Richard Cohen Gets a Clue

I wasn’t going to write about Moosewoman again, but the event of Richard Cohen writing a good column was too remarkable to ignore. Today Cohen writes,

The Institute for the Study of Sarah Palin might conclude that she represents the exact moment important Republicans gave up on democracy. She was clearly seen as an empty vessel who could be controlled by her intellectual betters. These include the editorial boards of the Weekly Standard and the Wall Street Journal, neither of which would hire Palin to make an editorial judgment but both of which would be thrilled to see her as president of the United States. It does not bother these people in the least that the woman is a demagogue — remember “death panels”? — and not, on the face of it, very responsible. If she quit as governor of Alaska in the noble pursuit of money, might she quit as, say, vice president or president for the same reason? From what I hear, one can never be too rich.

My only quibble is with Cohen’s belief the Weekly Standard wouldn’t hire Palin to make editorial judgments. I mean, Bill Kristol. Please.

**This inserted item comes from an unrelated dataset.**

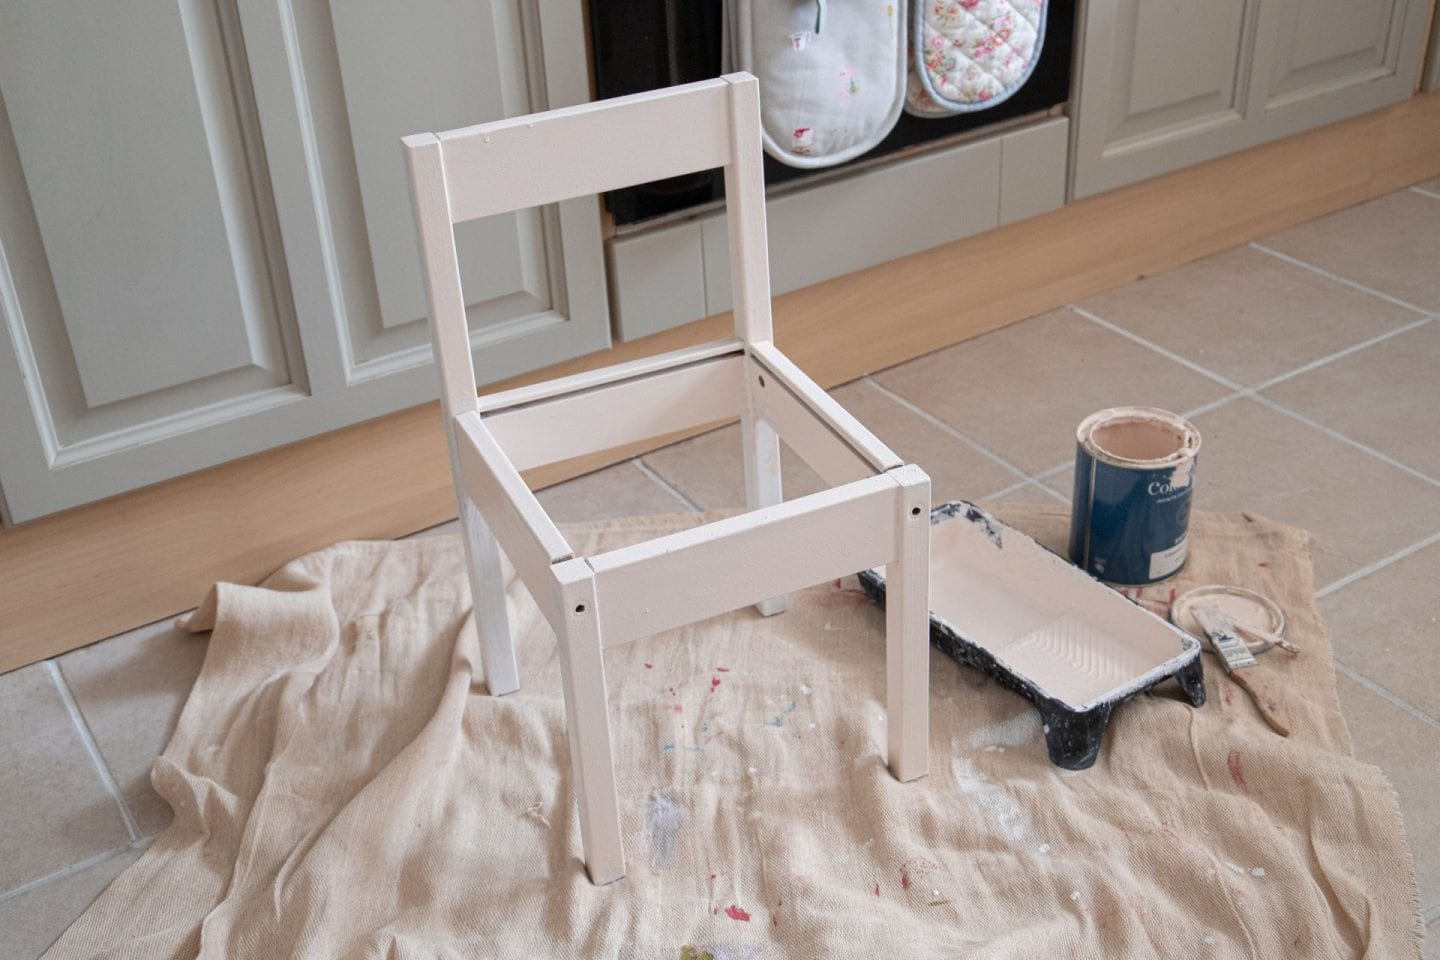 How to paint Ikea furniture correctly

She has a phenomenal favorability rating among Republicans — 76 percent — who have a quite irrational belief that she would not make such a bad president. What they mean is that she will act out their resentments — take an ax to the people and institutions they hate.

Of course, if you honestly think government doesn’t do anything useful except bomb Iraqi weddings, if follows that you think the presidency is largely a symbolic office that anyone could do.

A Culture of Personal Crisis

Now that Moosewoman is all over the news these days — Max Blumenthal has an insightful piece about Why Wingnuts Love Her at TomDispatch.

The answer lies beyond the realm of polls and punditry in the political psychology of the movement that animates and, to a great degree, controls, the Republican grassroots — a uniquely evangelical subculture defined by the personal crises of its believers and their perceived persecution at the hands of cosmopolitan elites.

Last fall I wrote that “The Right has pinned on Sarah Palin its fantasies of vengeance on the Left. That’s why they love her.” I still think that, but I also agree with what Blumenthal says about “subculture defined by the personal crises of its believers.”

He brings up Bristol Palin’s pregnancy and why her supposedly conservative followers didn’t blink about it. In a logical world, people who consider out-of-wedlock sex to be evil would be appalled at an unmarried, pregnant teenage daughter. In fact, Bristol’s pregnancy just made cultural conservatives feel more bonded to Palin.

Palin’s daughter’s drama caught vividly a culture of personal crisis that defines so many evangelical communities across the country. That culture is described in a landmark congressionally funded study of adolescent behavior, Add Health, revealing that white evangelical women like Bristol Palin lose their virginity, on average, at age 16 — earlier, that is, than any group except black Protestants. … communities with the highest population of girls who attend so-called purity balls, where they vow chastity until marriage before their fathers in a prom-like religious ceremony, also have some of the country’s highest rates of sexually transmitted diseases. In Lubbock, Texas, where abstinence education has been mandated since 1995, the rate of gonorrhea is now double the national average, while teen pregnancy has spiked to the highest levels in the state.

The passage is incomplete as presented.